> _Data excerpt_
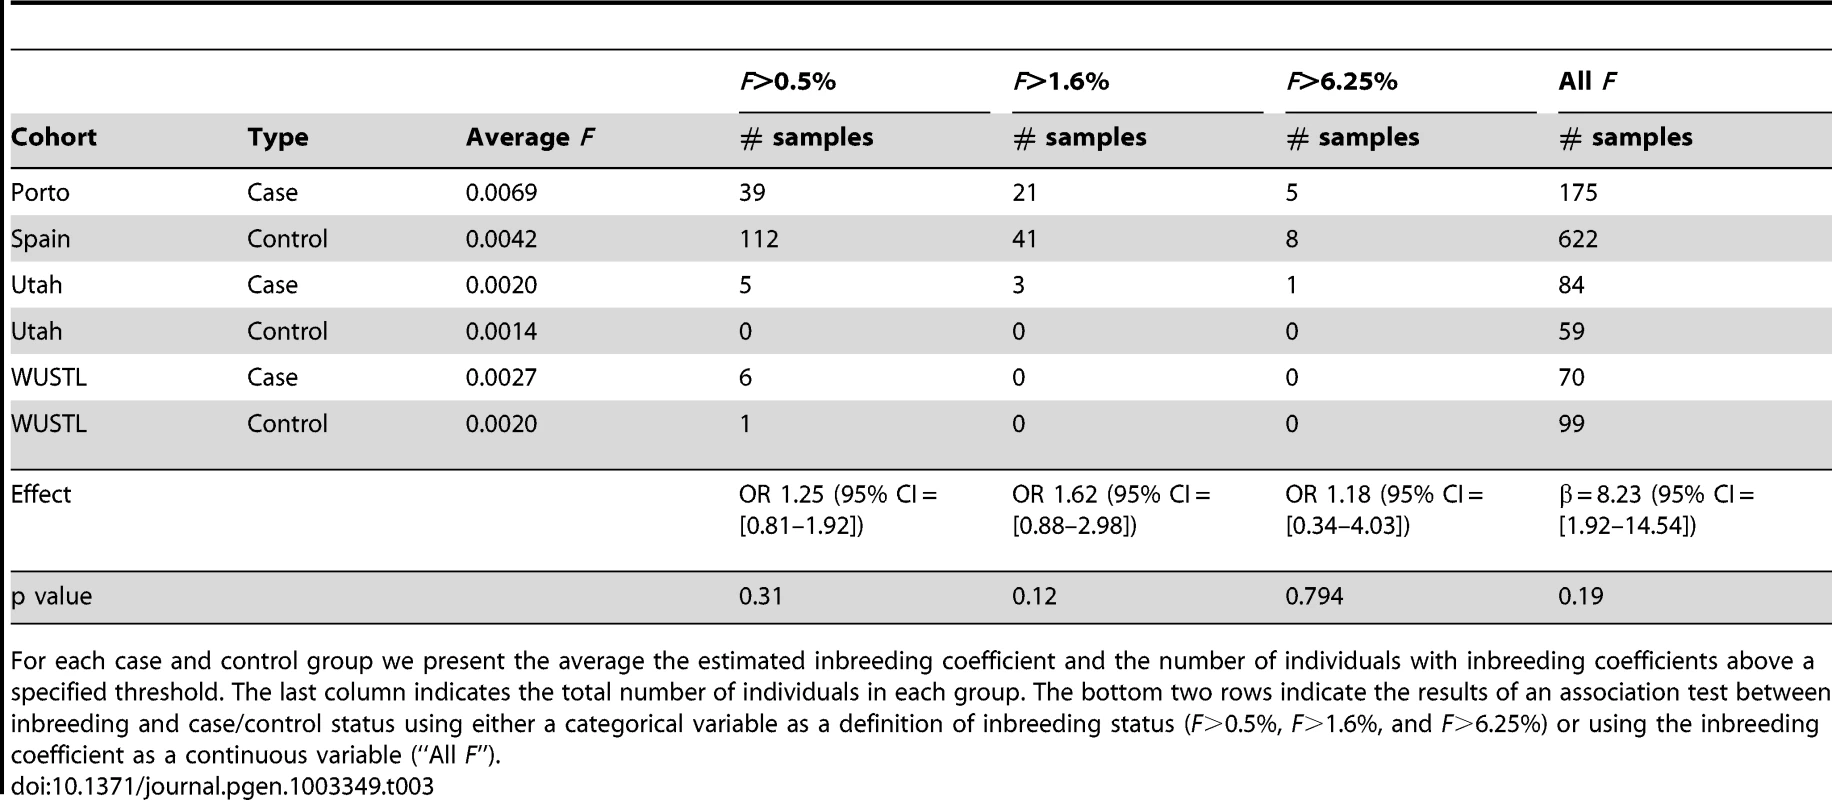 Summary of inbreeding coefficient estimates across cohorts, and association testing.
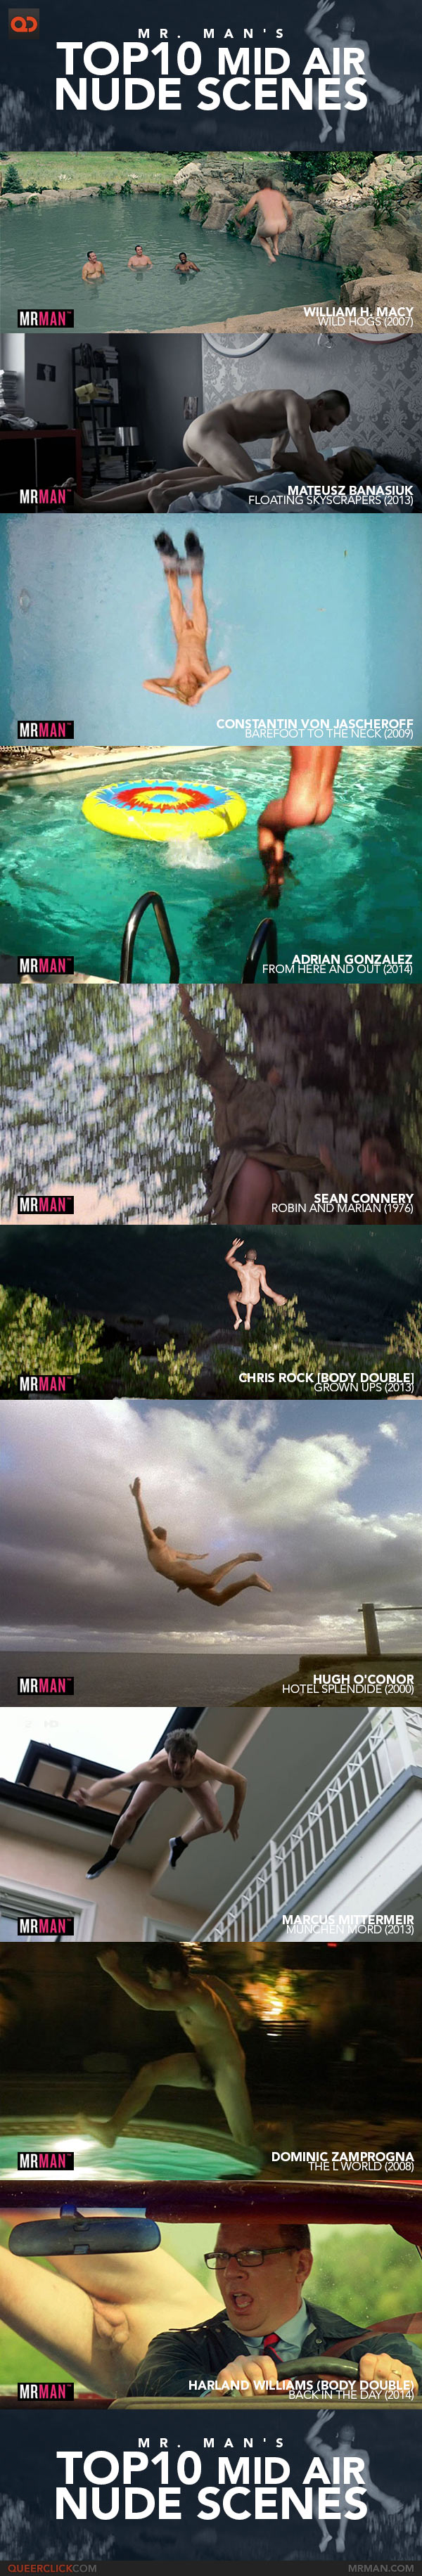 Mr Man's Top 10 Mid Air Nude Scenes
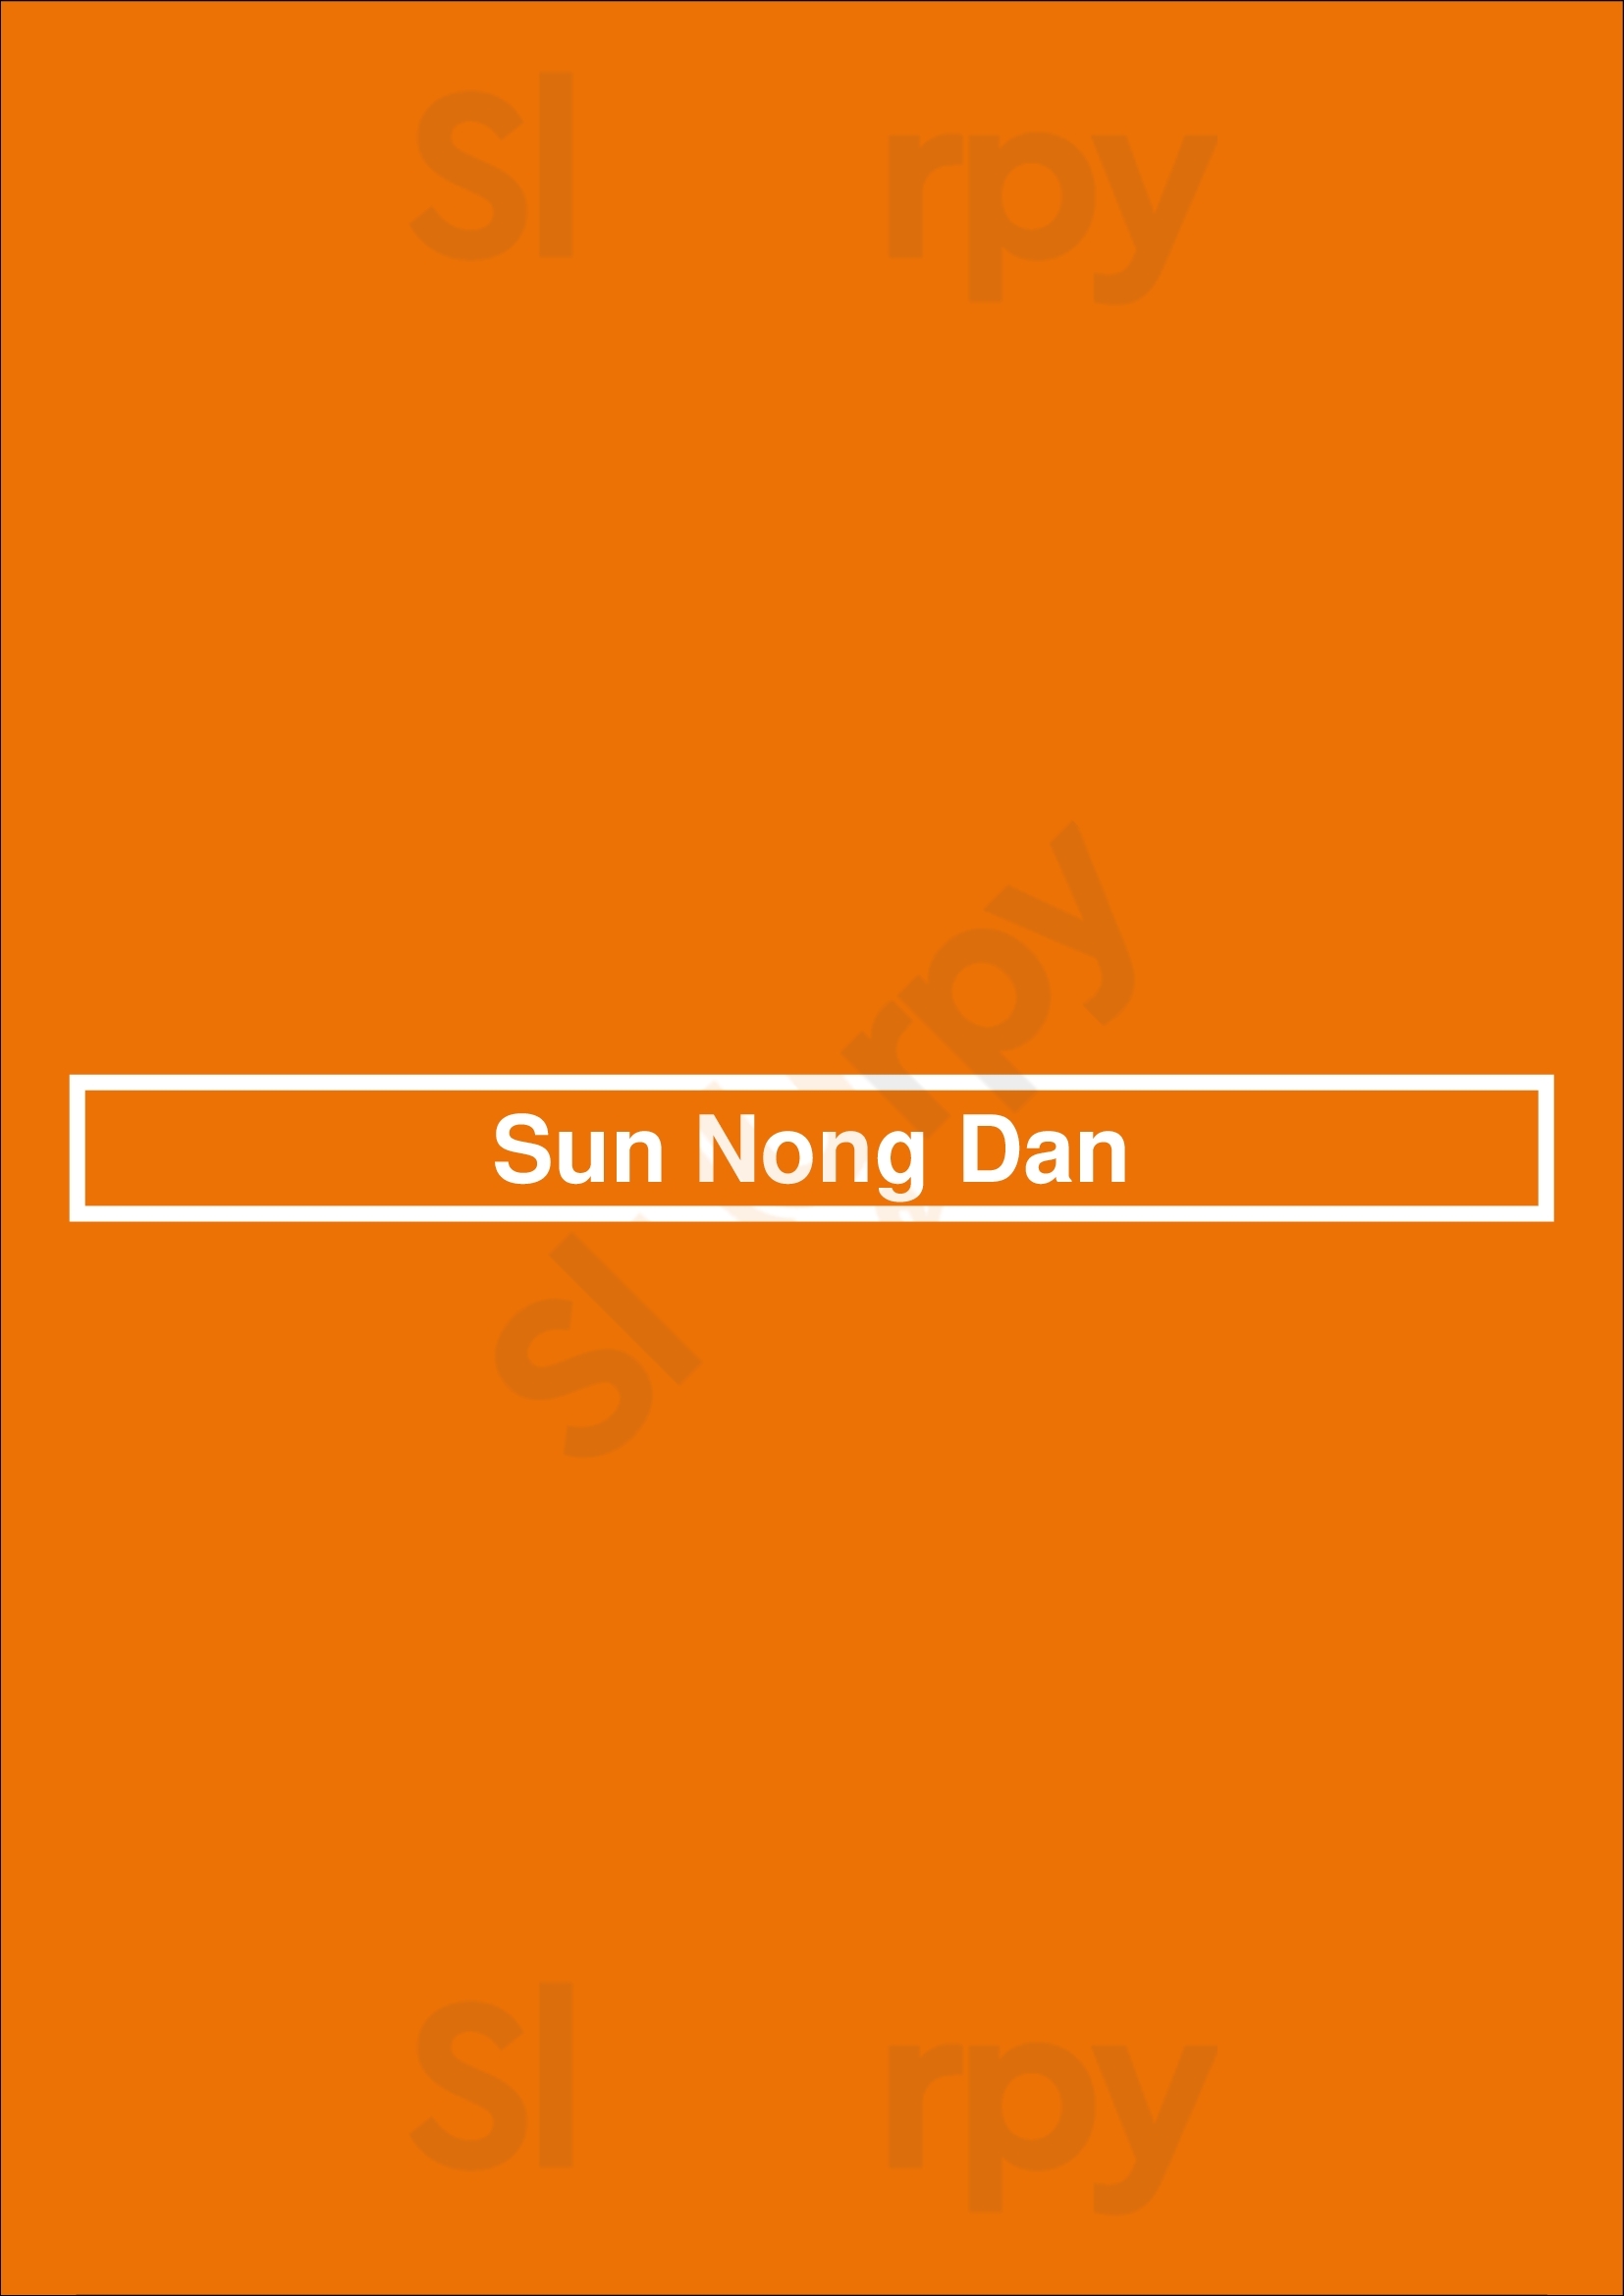 Sun Nong Dan Rowland Heights Menu - 1
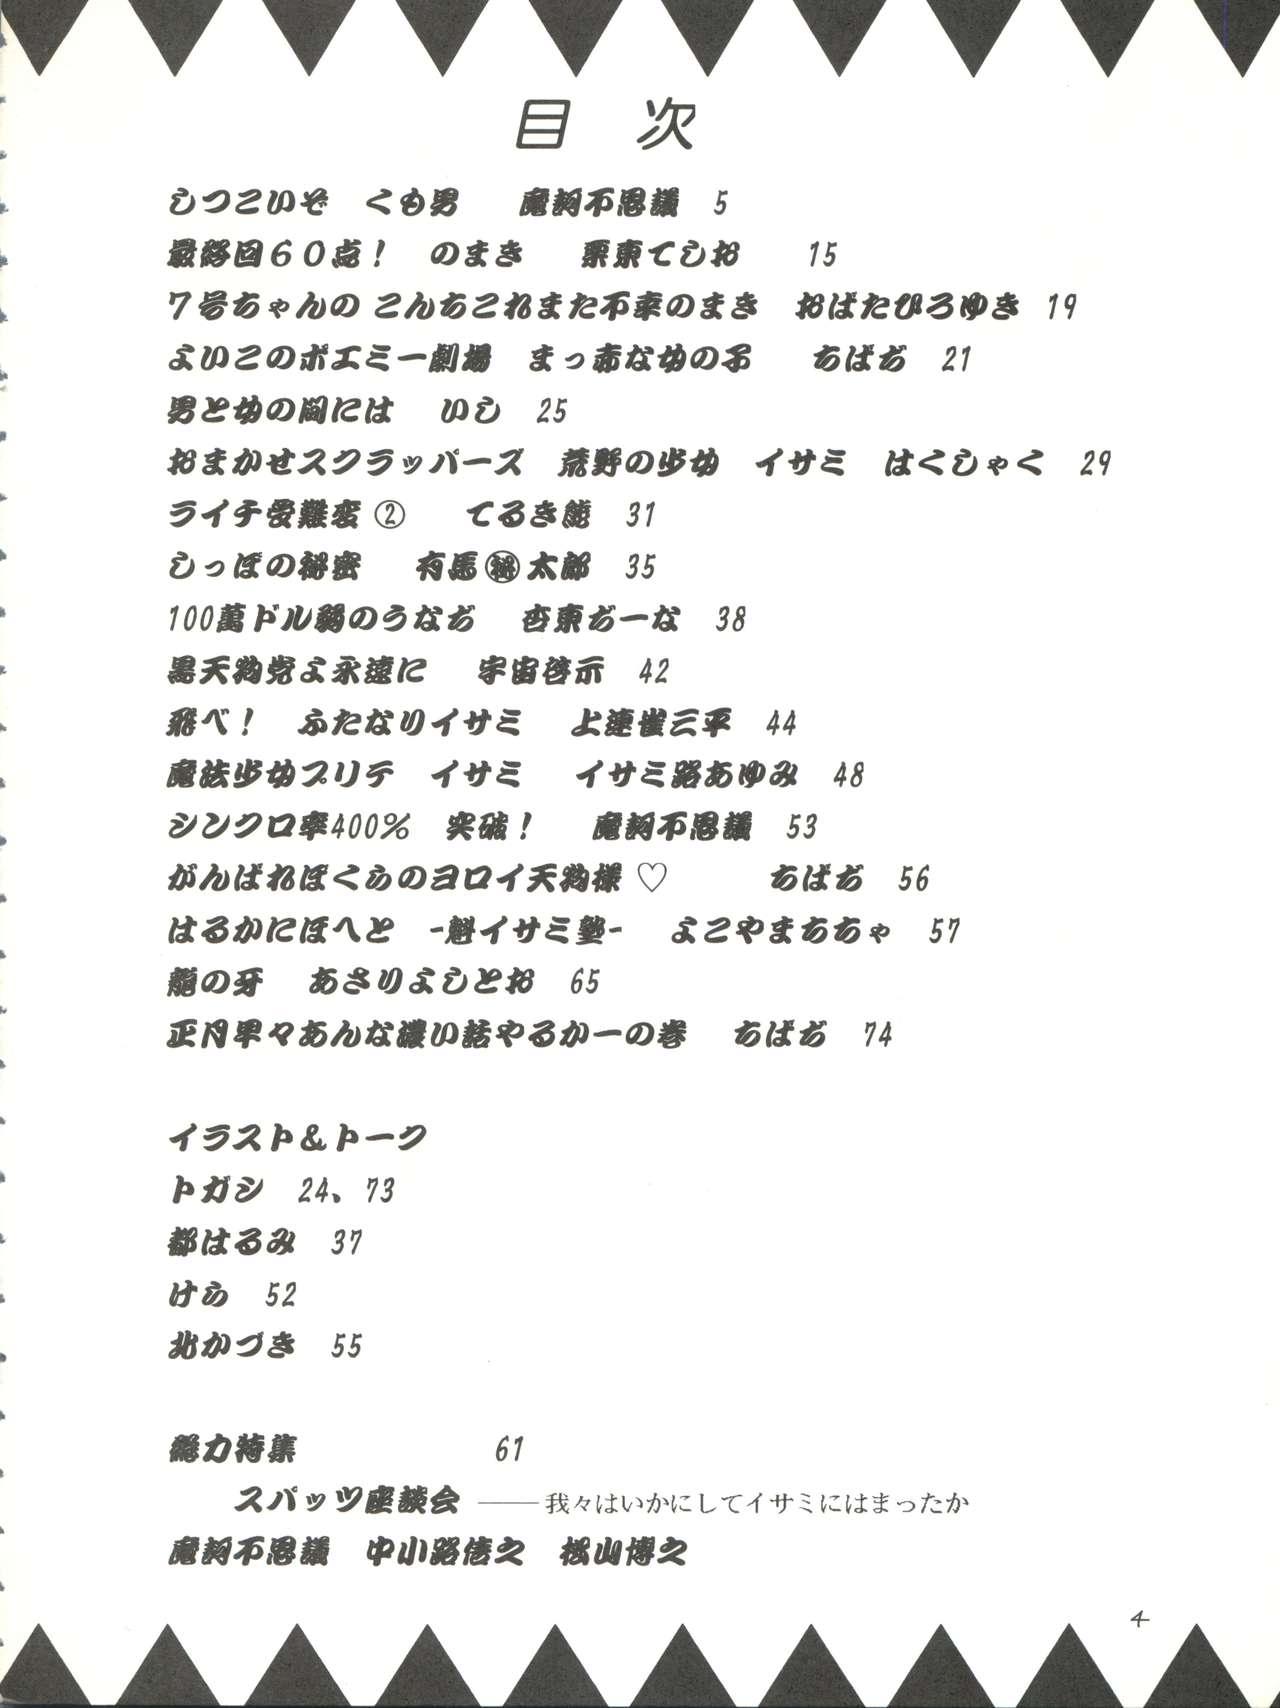 Sixtynine Kaiketsu Spats - Tobe isami Close Up - Page 4

> _What to produce_
Would you return the data above exactly as written, minus the images?

> _Reply to the task_
 Summary of inbreeding coefficient estimates across cohorts, and association testing.
 Mr Man's Top 10 Mid Air Nude Scenes
 Sun Nong Dan Rowland Heights Menu - 1
 Sixtynine Kaiketsu Spats - Tobe isami Close Up - Page 4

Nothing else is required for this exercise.